Perhaps the thought of having someone, or something, so transcendent have a say in our lives in ways we don't, perhaps carving for us predestined paths we can do all but nothing about; the very idea of something bigger than me having control, absolute and unquestioning, over me--over us as a collective species--scares me. A little like faith. (It's curiously ironic--I always thought I'd never be able to rest easy if I didn't die working for or working towards something bigger than I was. A cause, a movement, a fight, a revolution, I just know I'd toss and turn in my grave if it were anything but--and that I'd rather die before I willingly let myself get caught in the rat race and submit to the corporate world so highly favoured by our capitalist society--yet here I am, cowering in fear of the governance of something bigger than me, over me.)

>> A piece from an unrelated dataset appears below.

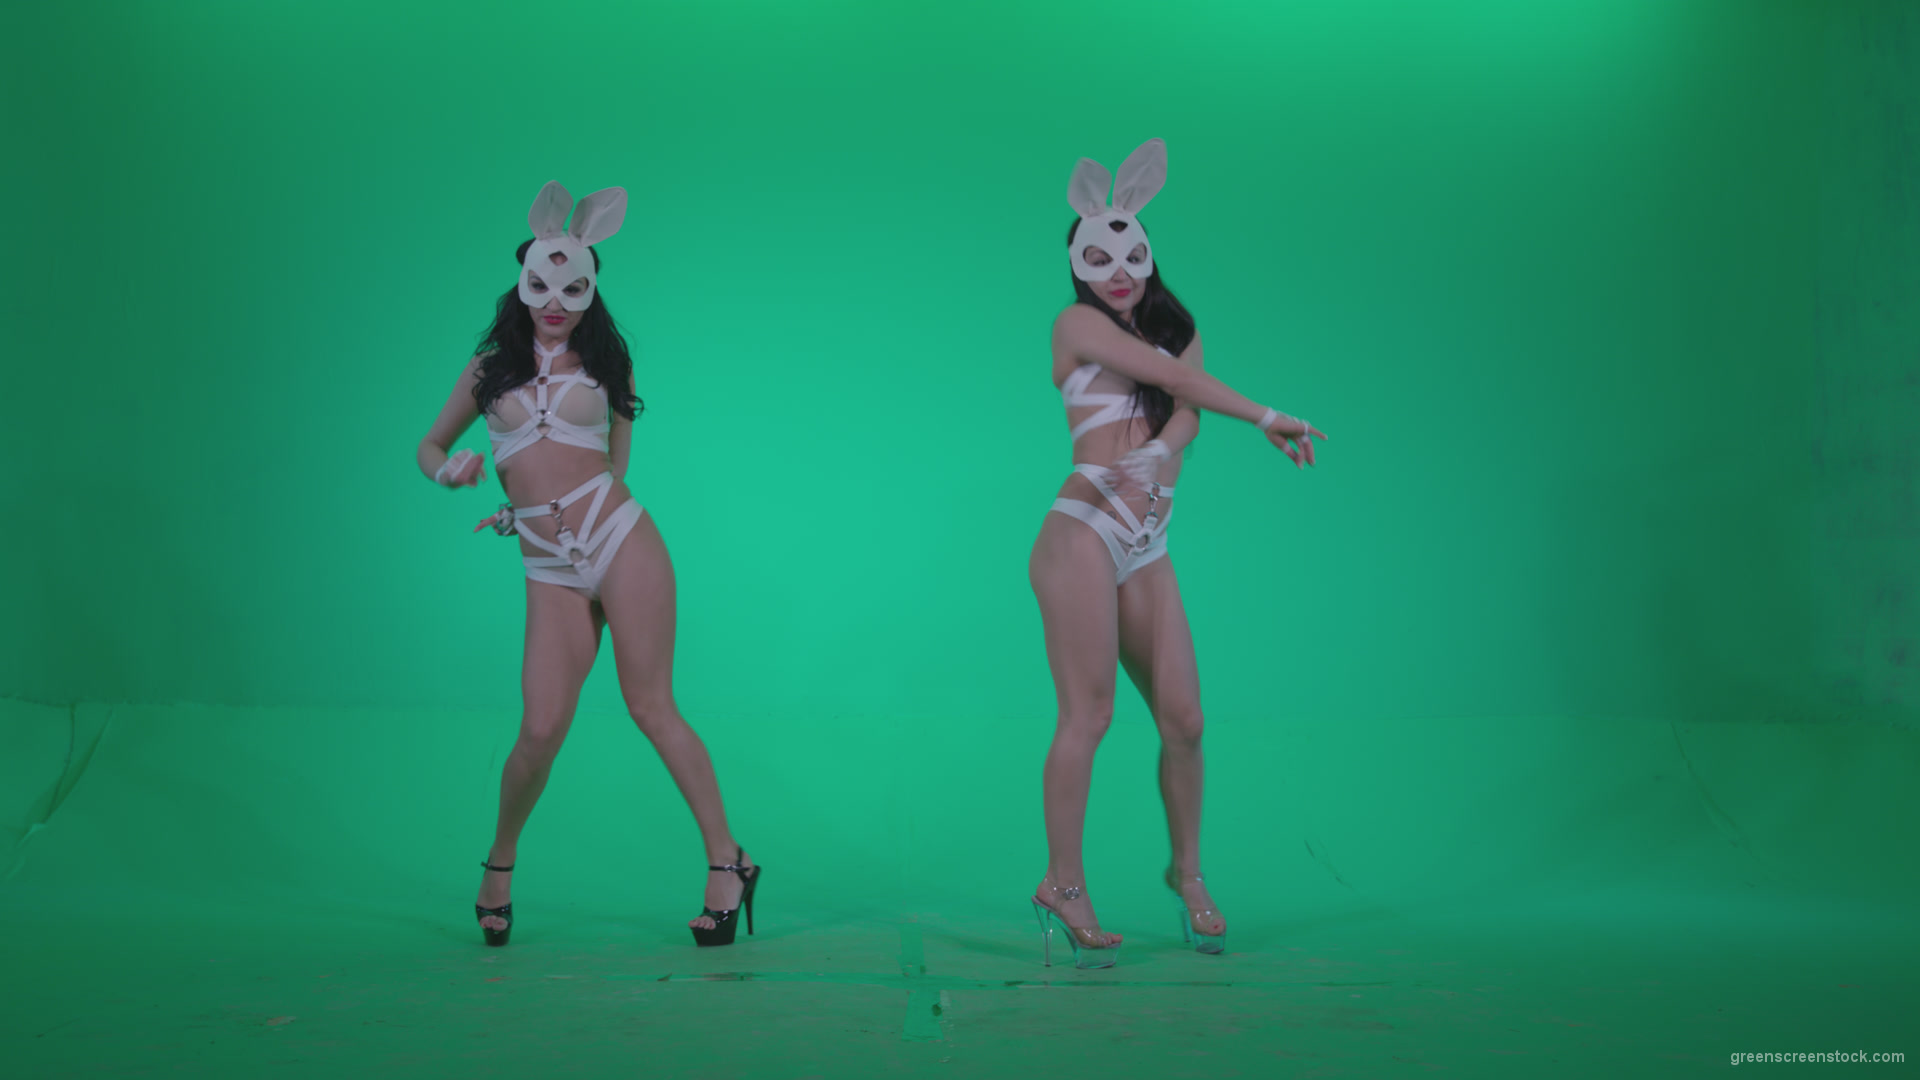 Go-go-Dancer-White-Rabbit-m1-Green-Screen-Video-Footage_007 Green Screen Stock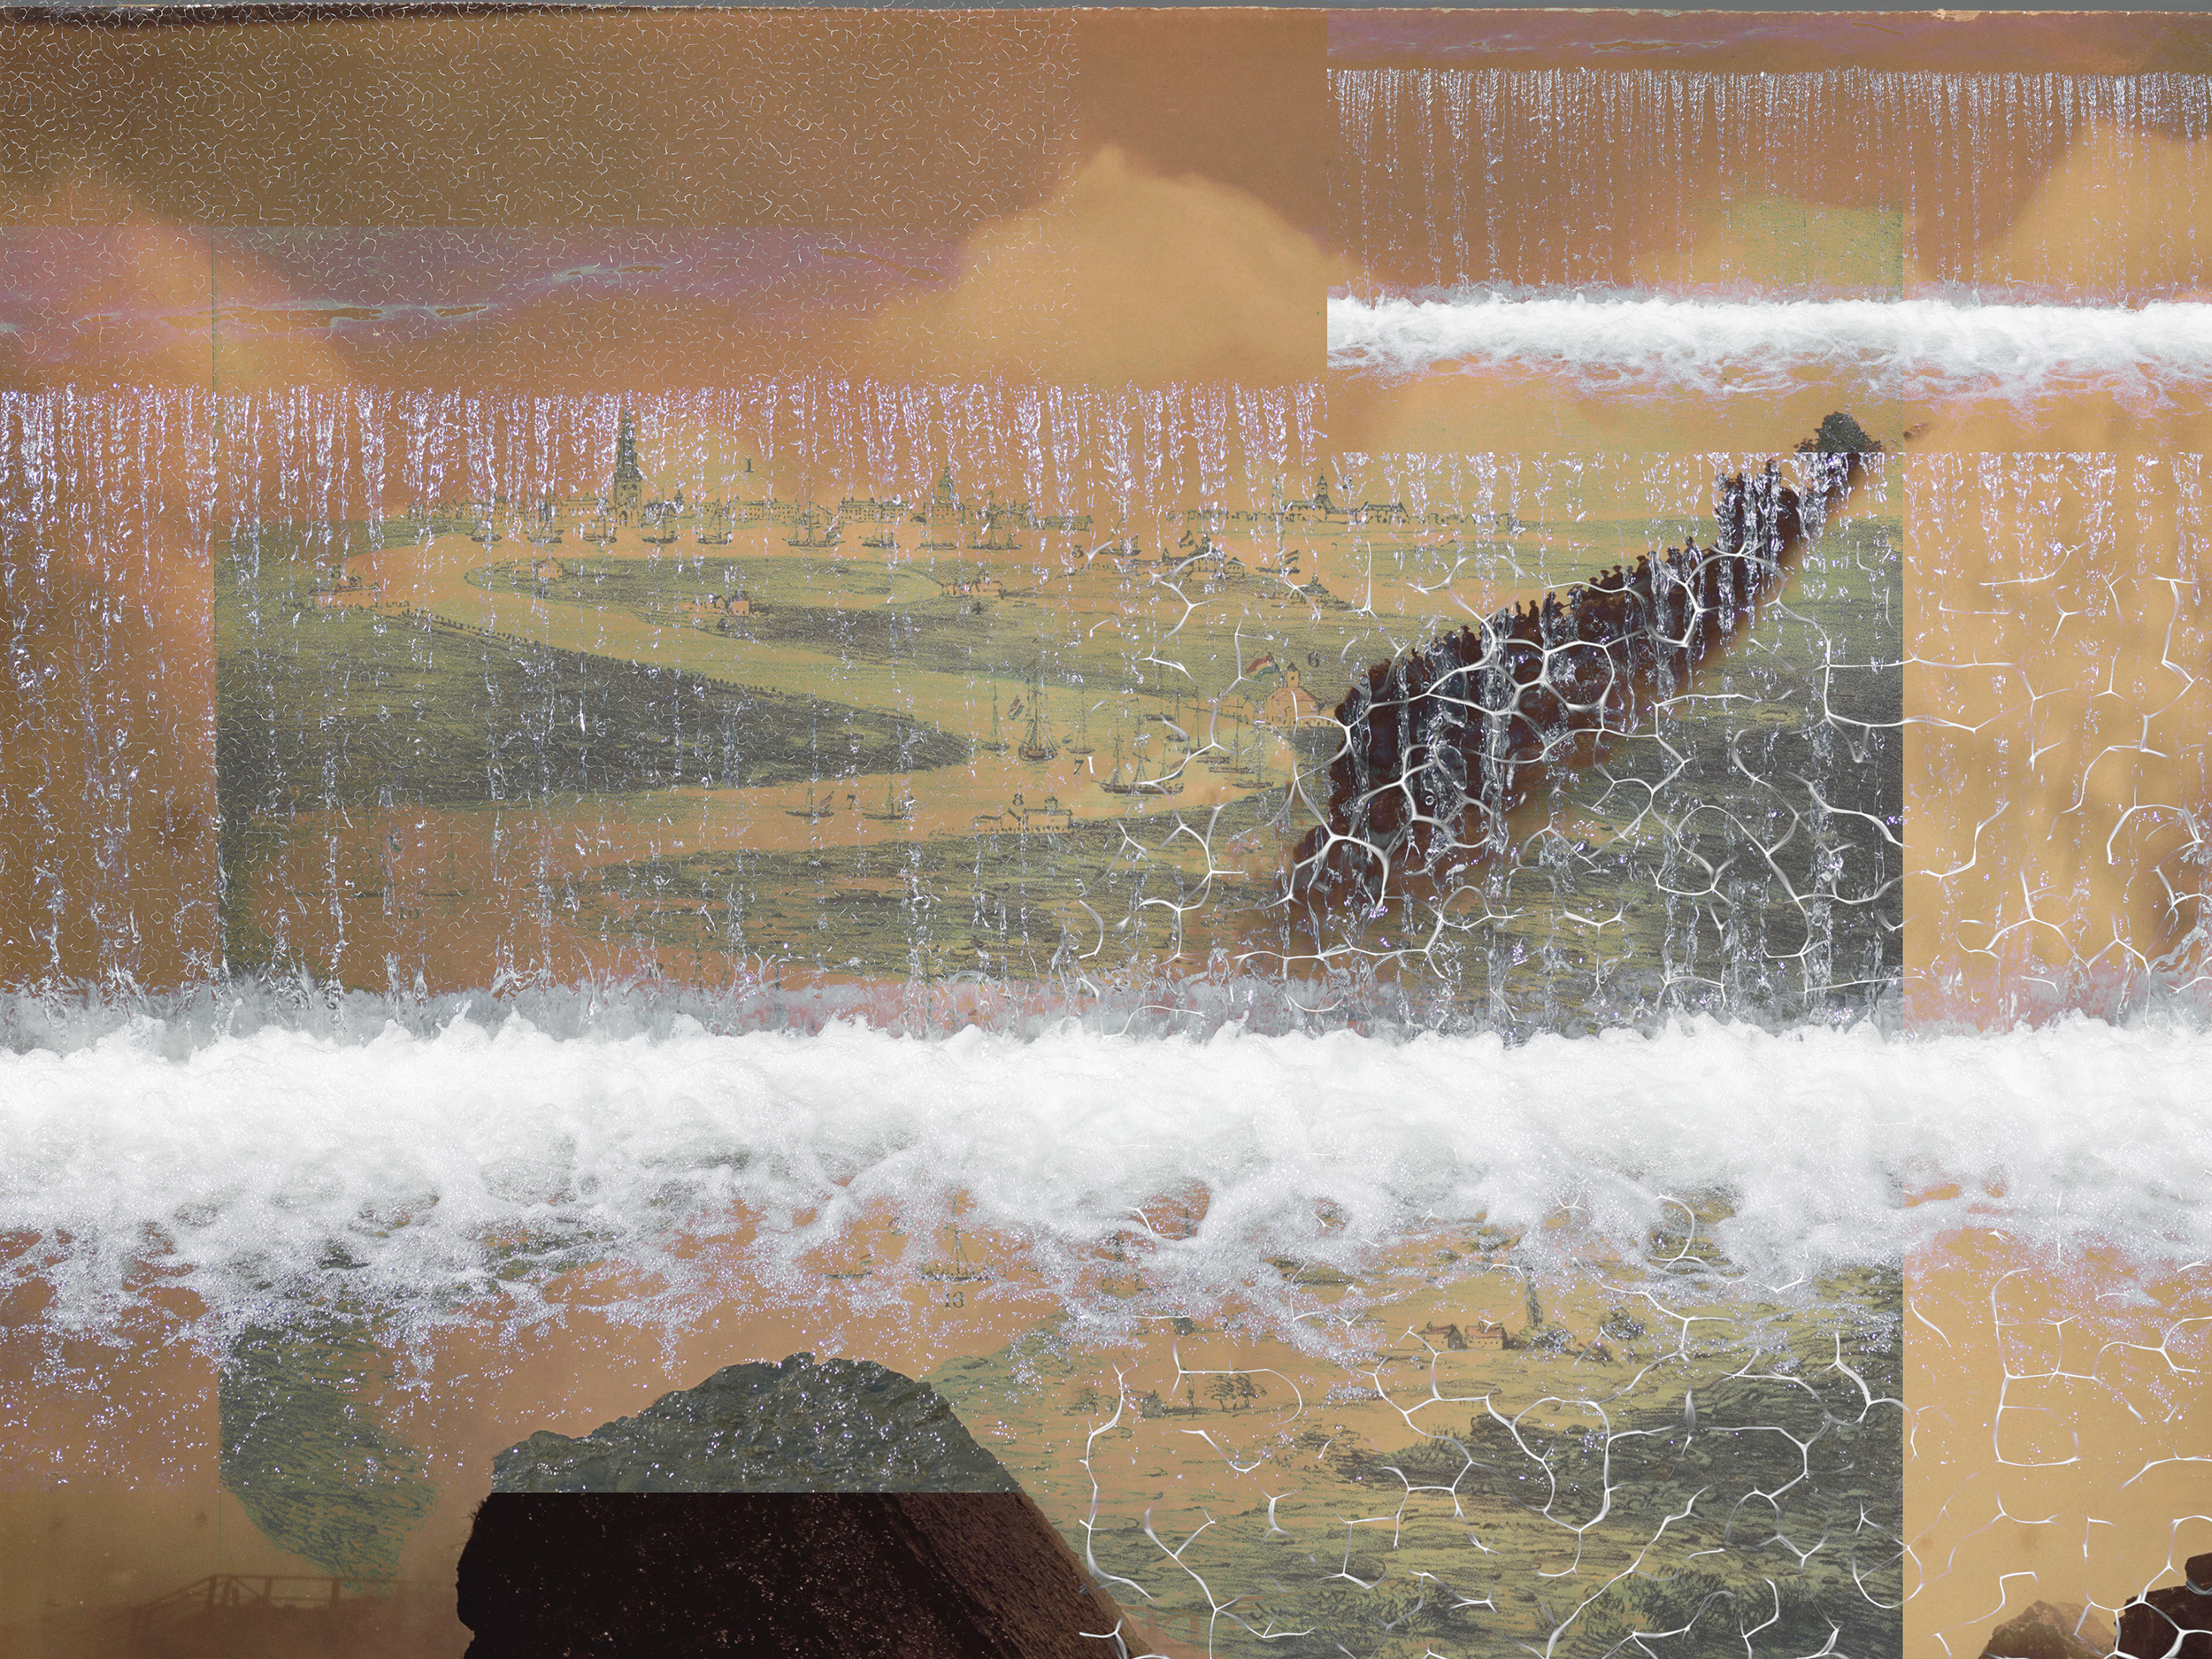 04 102019 11b Waterfall Animated Water Caustics

God--if she/he/they/such an entity exist(s)--and I have had a complicated relationship ever since I was told by my ustazah to keep the questions I had about dinosaurs in the Qur'an to myself. There was a lot of questioning of my faith and even more committings of blasphemy, and to tell the honest-to-God-capital-G (ha!) truth this seems like the perfect spot in a sentence to interject a "but," but there is no real but. Sike. We use "but"'s as conjunctions for when what we're about to say contrasts with what was just said prior, but in this case there are no contrasts, no opposites, no contraries, no nilai-nilai murni, no pesan moral cerita, and there is no happy ending to forgive my unpious doubts.
A good chunk of my time I find myself questioning what I believe in and what I don't and why. Suppose I be a good Malay-Muslim girl, get lots of pahala, and masuk syurga, where it's sunshine and rainbows and happiness forever--and then what? Is the promise of forever all there is to it, to drive believers to do good deeds and not commit sins and continue to fear God? Hollywood clichés may be a stale comparison to this, but we've seen it in movies, it's a painfully repetitive trope: poverty, suffering, Miracle Magic, fame, wealth, drunken indulgence, wear-tear, boredom, dissatisfaction, greed, The Big Mistake, followed by The Bigger Crash, regret, The Retribution-and-Subsequent-Begging-for-Forgiveness Arc, then Sudden Wisdom-Beyond-One's-Years, and finally, a lackluster ending--and this is one's reward for painstaking worship in the mortal world, but for all eternity? How many lifetimes worth of promises of forever can you endure before you're driven mad by all the happiness in the world? If the only thing slower and more painful than being condemned to an eternity of dosa-induced punishment in Hell is being rewarded a pahala-blessed eternity of happiness in Heaven down a gradual descent into insanity, does that make being sent to Heaven a form of punishment of its own?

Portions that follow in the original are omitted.